Summary and Conclusions
The
results of this study indicate that the rate of liver T4-5’-deiodinase activity
is greater in the lean than the obese phenotype and decreases progressively
with aging in both phenotypes in parallel to the decreases in fasting plasma
insulin concentrations and in gradually decreasing RMR in both phenotypes. The
significantly greater plasma half-life of T4 in the obese phenotype is
consistent with the deceased hepatic conversion of T4 to T3. A major effect of
T3, the active form of the thyroid hormone is to modulate the rates of
intermediary metabolism and oxidation of substrates, a primary source of
inflammatory ROS generation and of maintaining the rate of resting oxygen
consumption [39]. Thus, the age -related decreases in T4-5’-deiodinase activity
and in vivo peripheral conversion may contribute to the longevity in both
phenotypes via influencing the generation of inflammatory ROS downward, and
thereby minimizing their deleterious and damaging effects on pathogenic
mechanisms in the lean and obese phenotypes when formed [44].
Excess
adiposity contributes to inflammatory ROS generation, and may be a contributor
to the decreased life span in the obese phenotype [39,47]. In addition, the
longevity impact demonstrated in the obese phenotype while resulting in a
significant decrease in longevity when compared to their lean littermates,
still enabled the obese phenotype to outlive the obese of other genetically
obese rat strains, most of which appear to suffer their demise soon after one
year of age.

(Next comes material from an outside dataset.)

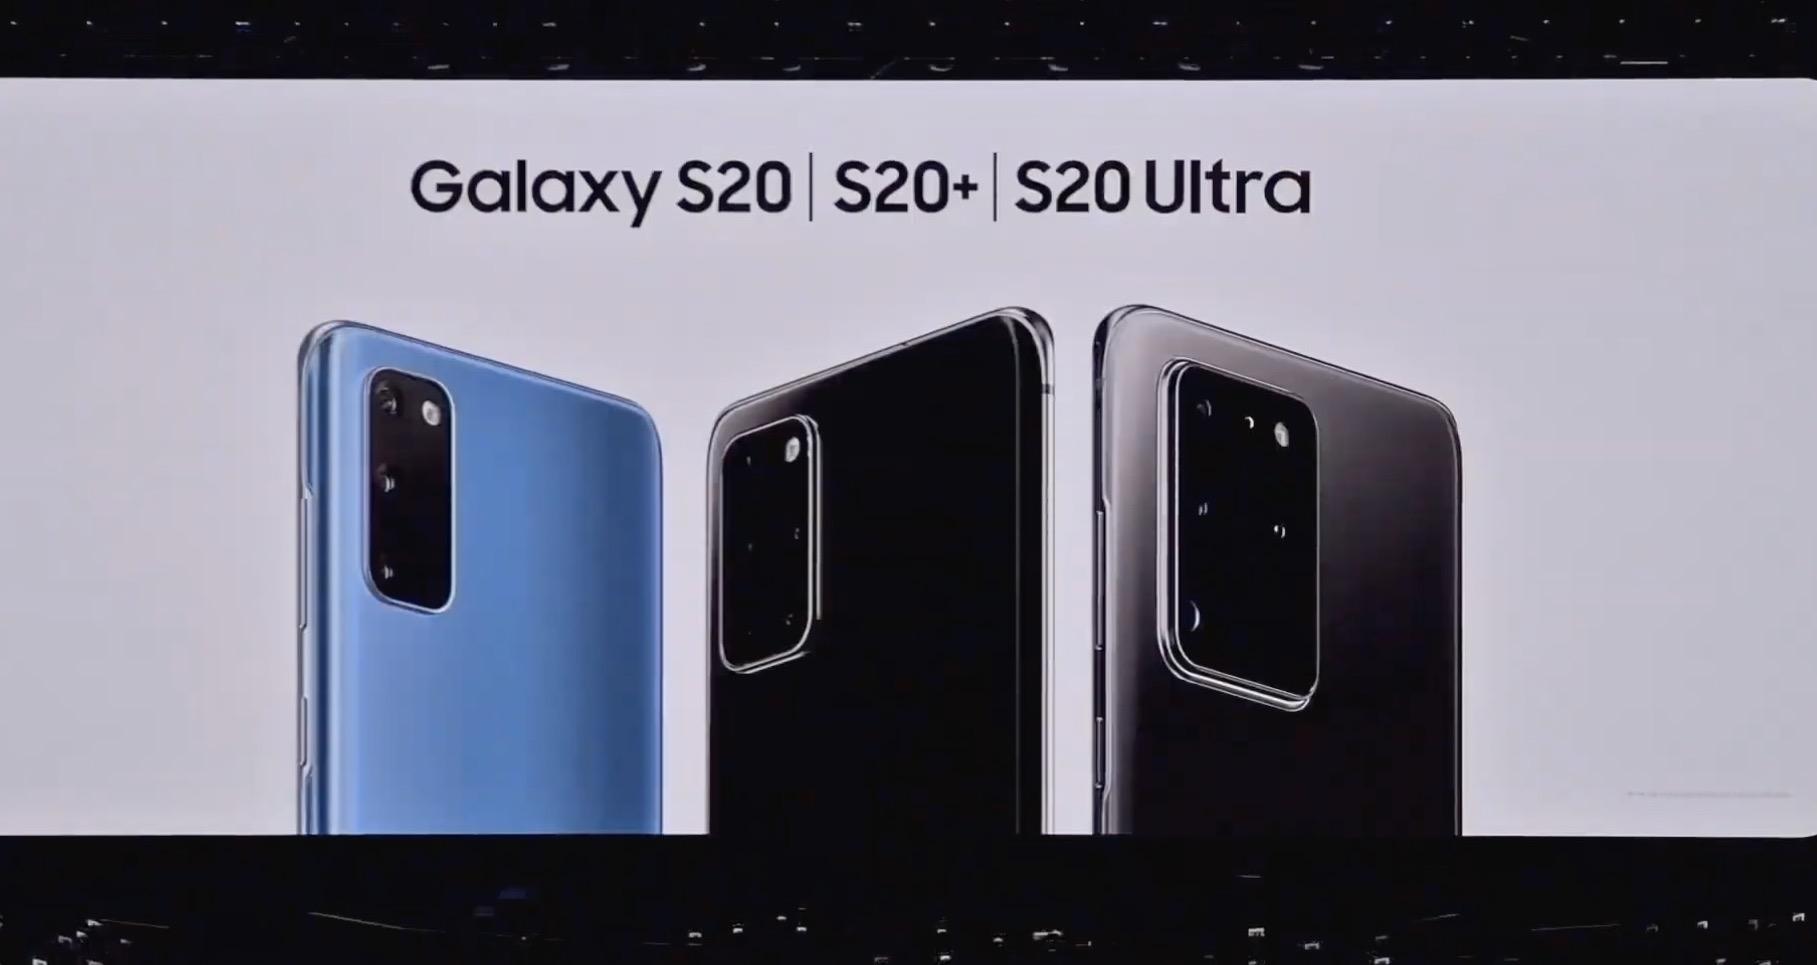 Galaxy S20 và S20+ chính thức: Snapdragon 865/ Exynos 990, RAM 8/12GB, camera Super Resolution Zoom 30x, giá từ 21 triệu

These observations suggest that genetic factors may also be at
play in longevity in this strain, since the background LA/N strain has been
noted for its healthful longevity [17,19]. The autosomal recessive inheritance
of the -cp trait is present in both phenotypes of the strain [17-19]. In
clinical studies, modest decreases in thyroidal activity have been suggested as
a contributing factor in obesity and premature longevity, presumably via
decreasing the rate of age-linked contributors to the pathophysiology of thyroidal-mediated
changes in aging [31-35,44,47].
Acknowledgements
The
author is grateful for the Institutional resources of USAT Montserrat to
develop this manuscript.
USE of AI
No
applications of AI were utilized in the preparation of this manuscript.